YUSUF
BÔNE son Histoire, ses Histoires - Louis ARNAUD

A l'extrémité de la rue Sadi-Carnot, en face de l'Ecole communale où j'appris mes lettres de l'alphabet, il y avait une toute petite rue, très étroite, qui allait rejoindre la rue Petitjean, aujourd'hui rue Burdeau, du nom du Président de la Chambre des Députés, mort en 1894.
Longtemps cette petite rue fut innommée.
C'était un passage, presque un sentier, plutôt qu'une rue. Un jour, je vis avec étonnement que la petite rue avait enfin un nom. Brusquement, sans éclat, ni tapage, elle était devenue la rue du Général Yusuf.

J'étais alors bien jeune et bien que le nom de Yusuf me fut déjà quelque peu familier pour l'avoir entendu prononcer par mon grand-père paternel qui était arrivé à Bône quatre ans après la prise de la Casbah, je ne savais, à cette époque, rien de précis, ni de positif, sur ce Général que l'on signalait si timidement à l'attention de la population.
Il était bien tardif cet hommage posthume, car Yusuf était mort à Nice depuis trente ans et il y en avait plus de soixante que « le plus beau fait d'armes du siècle » avait été accompli.

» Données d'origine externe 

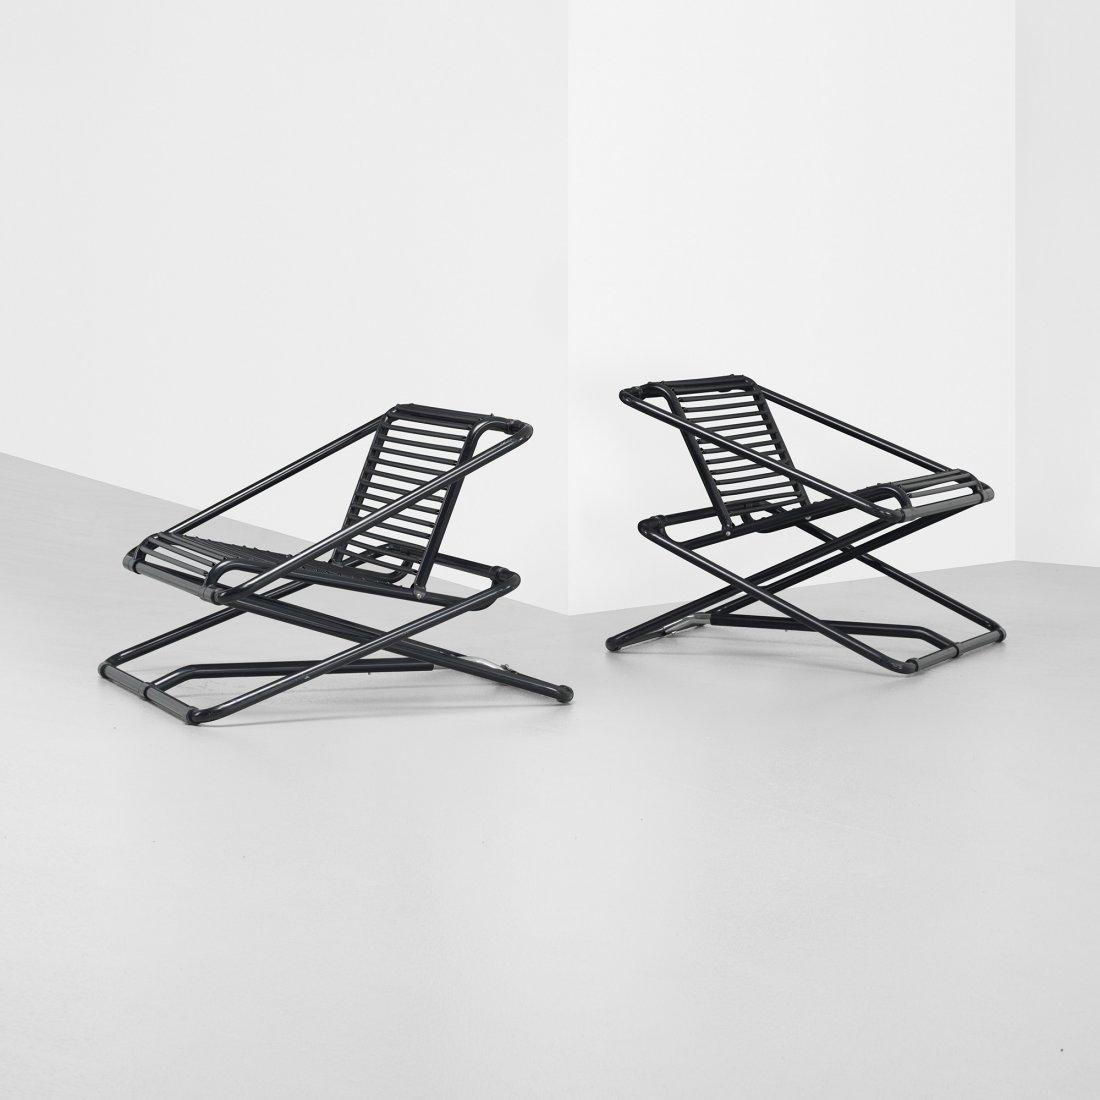 108: Ron Arad Rocking Chairs, pair
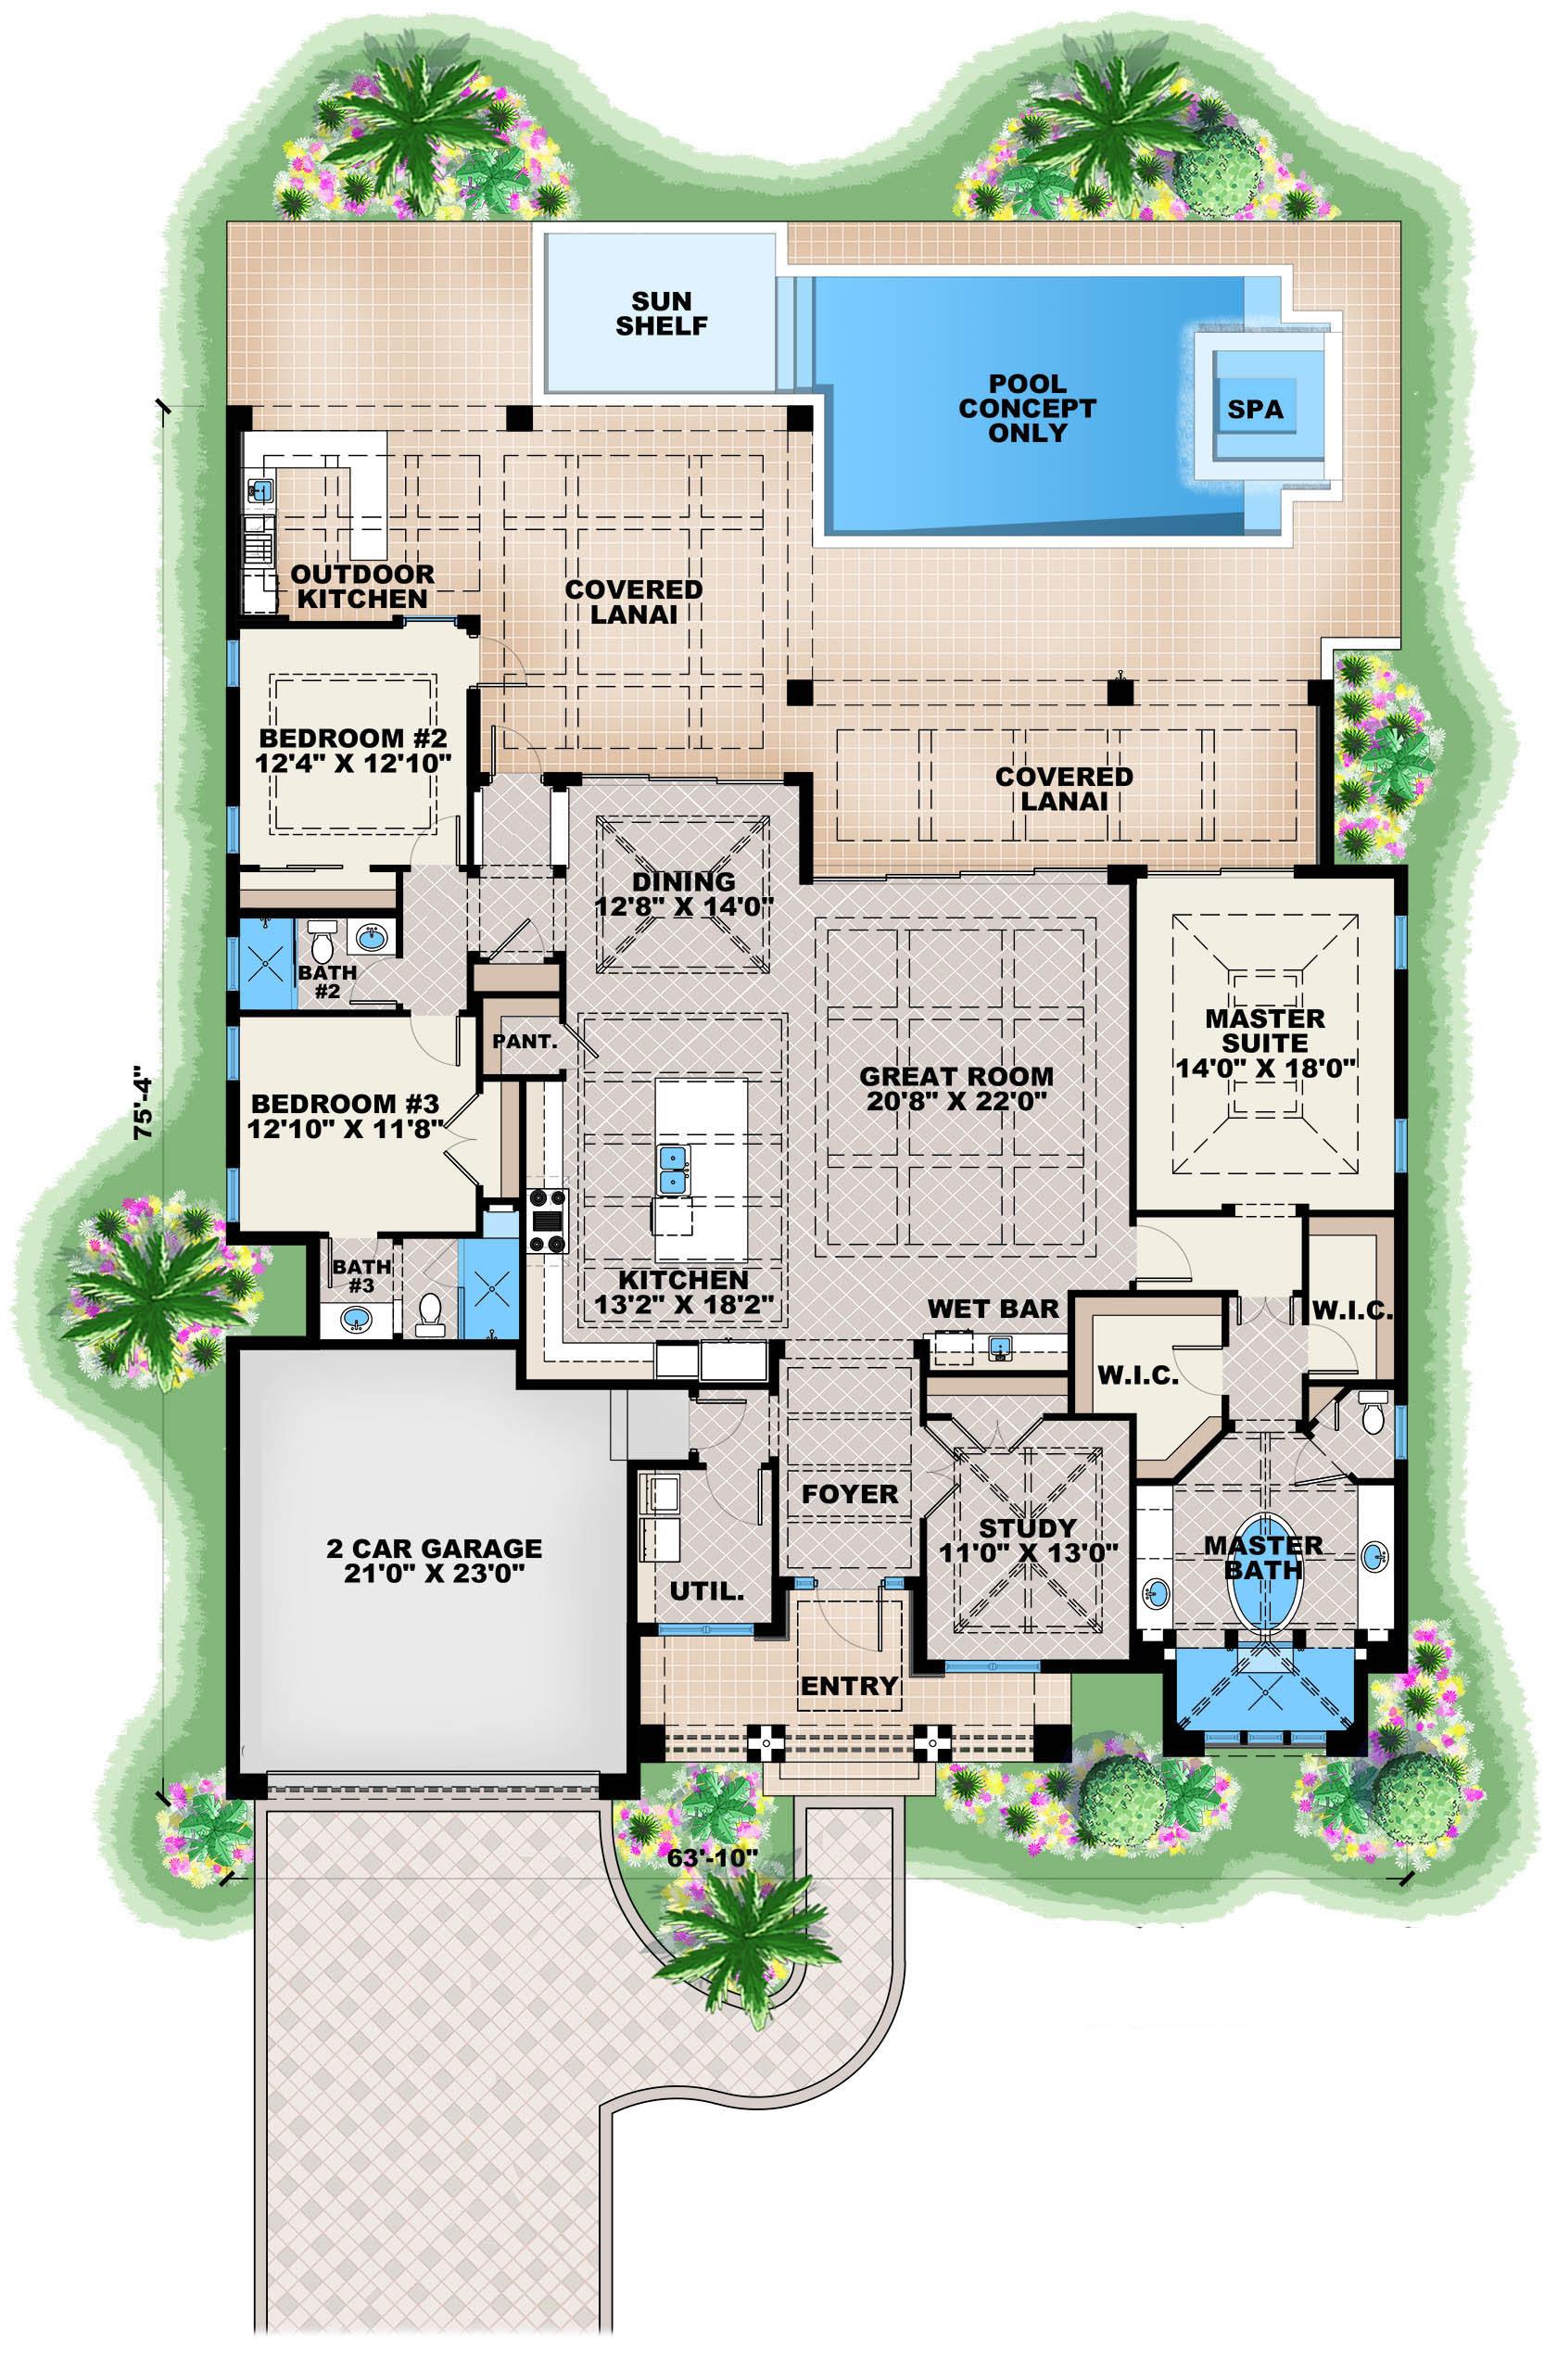 Contemporary House Plan 1751134: 3 Bedrm, 2684 Sq Ft Home Plan - Dramatic Contemporary Home Plan 90232PD Architectural Designs HousePlans

Ceci montre combien fut méconnu, involontairement peut-être, pendant longtemps à Bône, celui qui fut le véritable héros de la prise de la Casbah.
C'est lui, en effet, qui avait conçu le plan qui devait permettre aux marins de la « Béarnaise », commandée par le Capitaine d'Armandy, de s'emparer de la Casbah par une ruse astucieuse qui n'avait pu réussir qu'à cause de la connaissance que Yusuf avait de la langue et des mœurs des Turcs composant la garnison de ce fort
Sa participation à l'action fut certainement plus importante que celle de d'Armandy et pourtant c'est celui-ci qui paraît en avoir recueilli tout le glorieux bénéfice.
Yusuf s'est distingué partout, de Bône à Oran, où il y avait de la bravoure à dépenser et de la gloire à récolter.
Il a été dit que « Sans Yusuf l'aventure africaine n'eut été que ce qu'elle est... Une conquête parfois sanglante, longtemps indécise, toujours pénible... Grâce à lui, elle est devenue une de nos plus attrayantes épopées, celle par laquelle l'histoire est moins obscure et moins terre à terre ».
C'est presque un héros légendaire dans l'histoire de la conquête et de la pacification de l'Algérie. Pendant plus de vingt ans, il fut de toutes les batailles, de toutes les razzias, et toujours au premier rang. Comment a-t-il pu combattre si longtemps, si ouvertement, si témérairement souvent sans avoir été tué ?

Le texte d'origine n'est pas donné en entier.